ASSIGNMENT >>
Output only the lines that run from the line holding "A charming pagoda" to the end of the data below, including both ends, without any pictures.

INFORMATION SUPPLIED >>
Start of Block

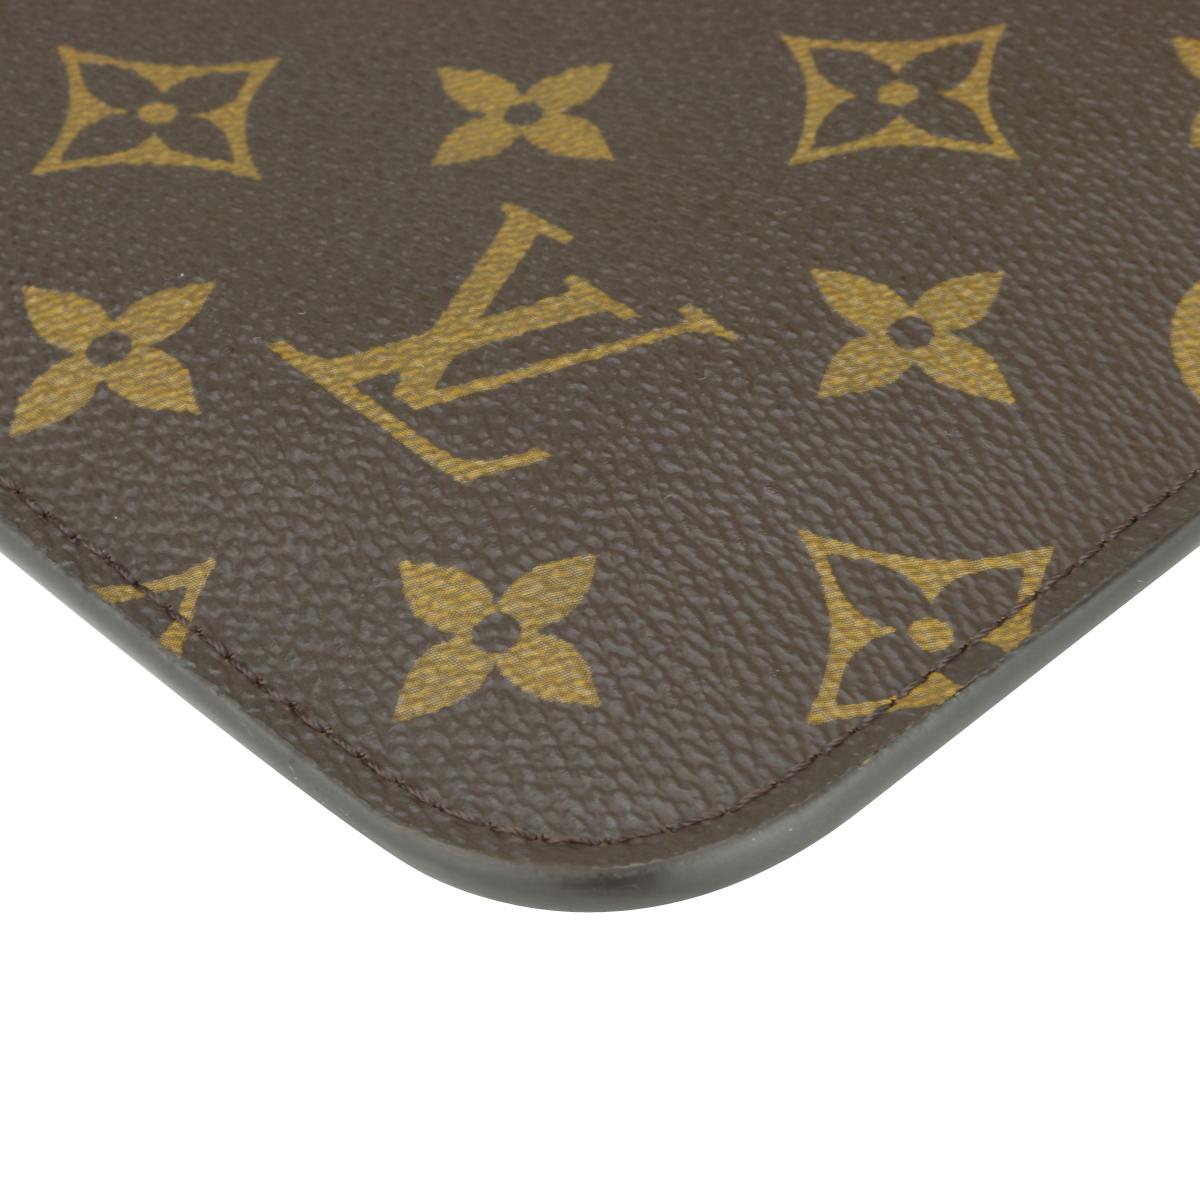 Louis Vuitton Neverfull MM Pochette Pouch in Monogram with Red Interior 2020 6
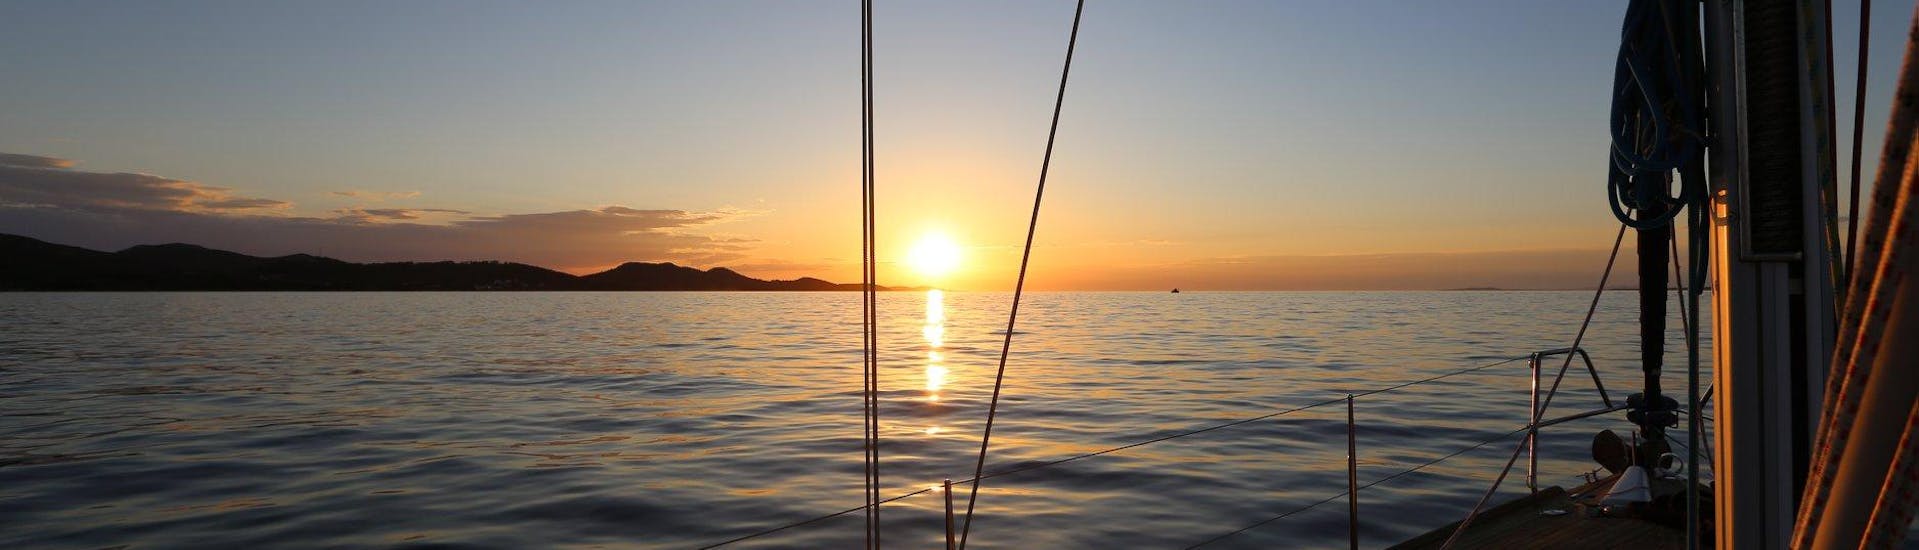 The sun sents during a sailing trip around Losinj Bay with The Day Sail Croatia.
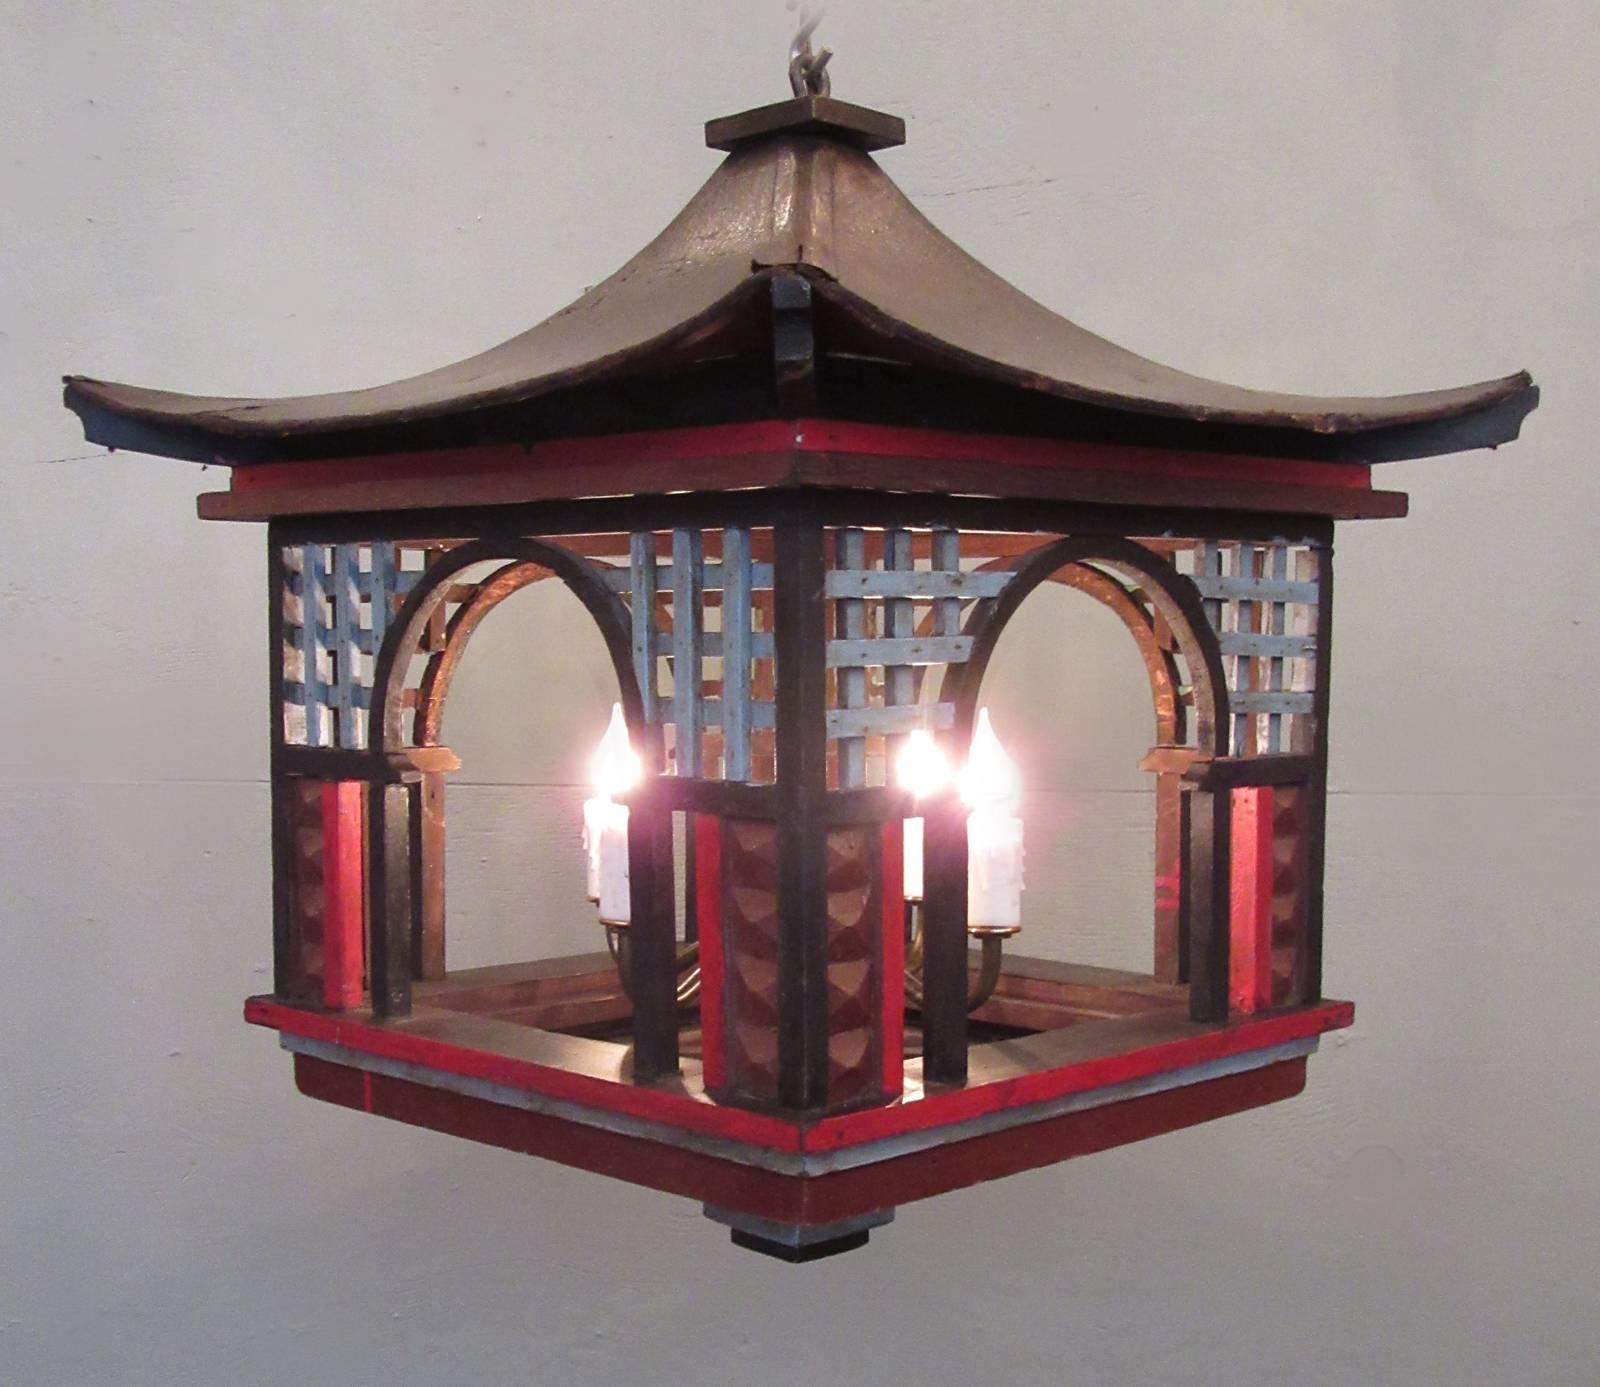 A charming pagoda lantern made in France, circa 1920, made of painted wood and papier mâché and featuring four candle bulbs. The lantern has been recently rewired with new porcelain sockets.
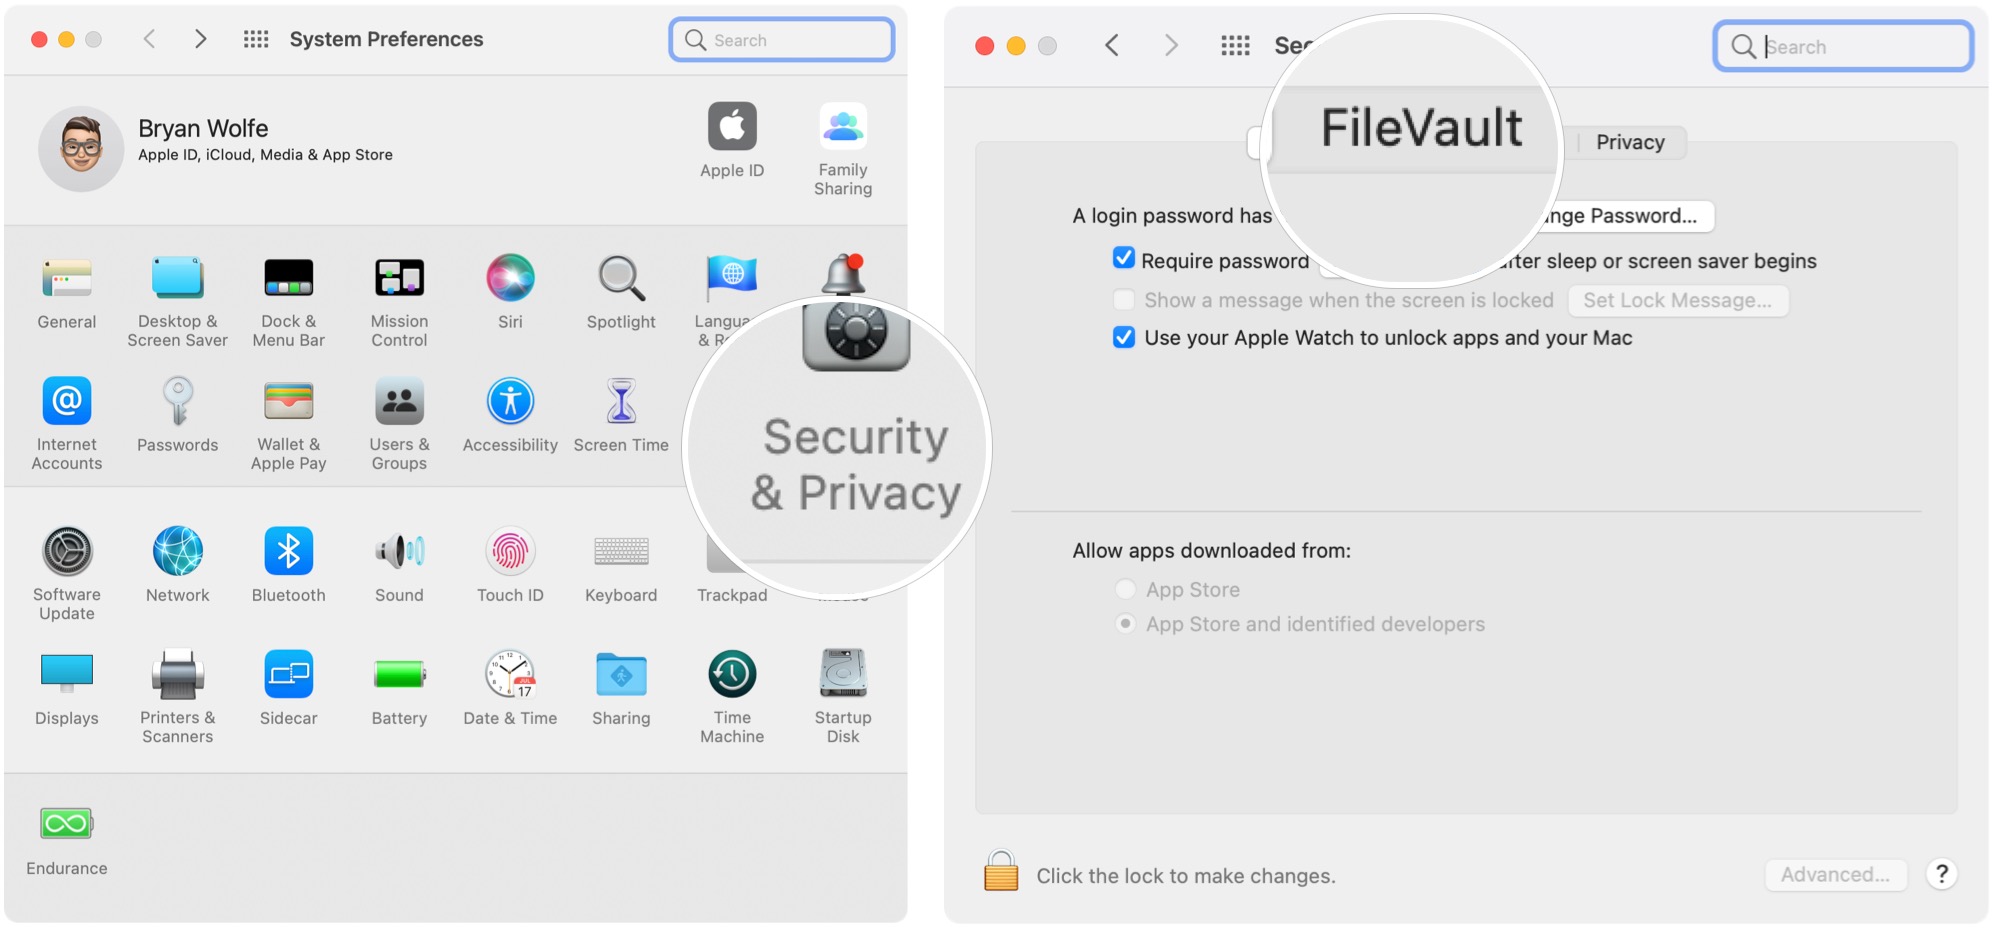 To encypt with FileVault, go into the System Preferences on your Mac, then click Security & Privacy. Choose the FileVault tab.

End of Block

SOLUTION TO THE PROBLEM >>
 A charming pagoda lantern made in France, circa 1920, made of painted wood and papier mâché and featuring four candle bulbs. The lantern has been recently rewired with new porcelain sockets.
 To encypt with FileVault, go into the System Preferences on your Mac, then click Security & Privacy. Choose the FileVault tab.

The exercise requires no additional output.